Support stream chat completion & optimization for decoding stage #42

guoqingbao · 2024-06-24T08:54:40Z

Key changes:

Support stream chat completion (response decoding results in realtime, for client using OpenAI API stream=True) Support stream response #43
Remove redundant transpose operation in the decoding stage (when sequence length equals 1).
Attempt to fix the block table issue when retrieving the block number.

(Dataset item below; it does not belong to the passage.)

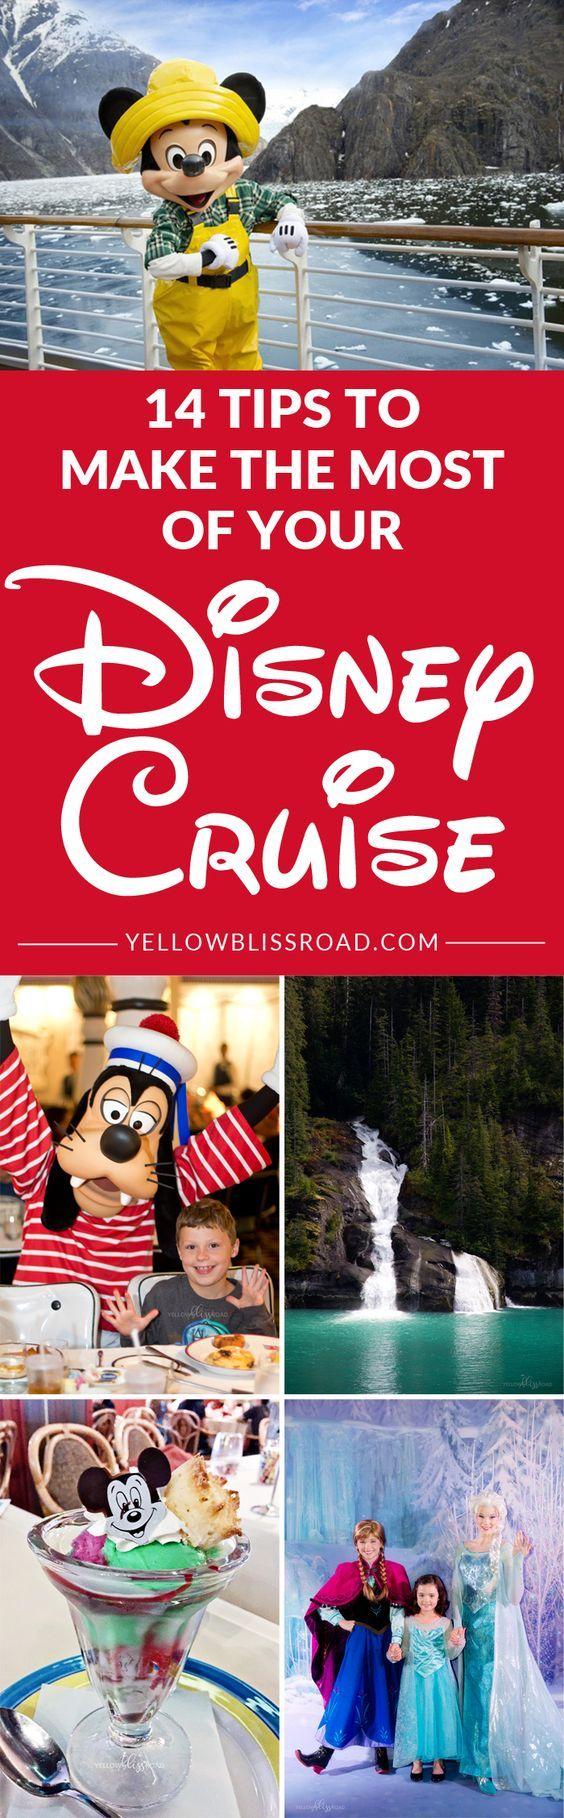 14 Tips for a Magical Disney Cruise to Alaska

So far, it can achieve 71 tokens/s (bf16) for LLaMa2 7B model on A100.

cargo run --release -- --port 2000 --weight-path /home/llama2_7b/ llama7b --repeat-last-n 64

Tested UI:

https://github.com/anse-app/chatgpt-demo

The demo video and ReadMe have been updated accordingly.

EricLBuehler · 2024-06-26T10:59:58Z

Hi @guoqingbao , do you have a number for the performance enhancement by this PR?

guoqingbao · 2024-06-26T11:14:56Z

Hi @guoqingbao , do you have a number for the performance enhancement by this PR?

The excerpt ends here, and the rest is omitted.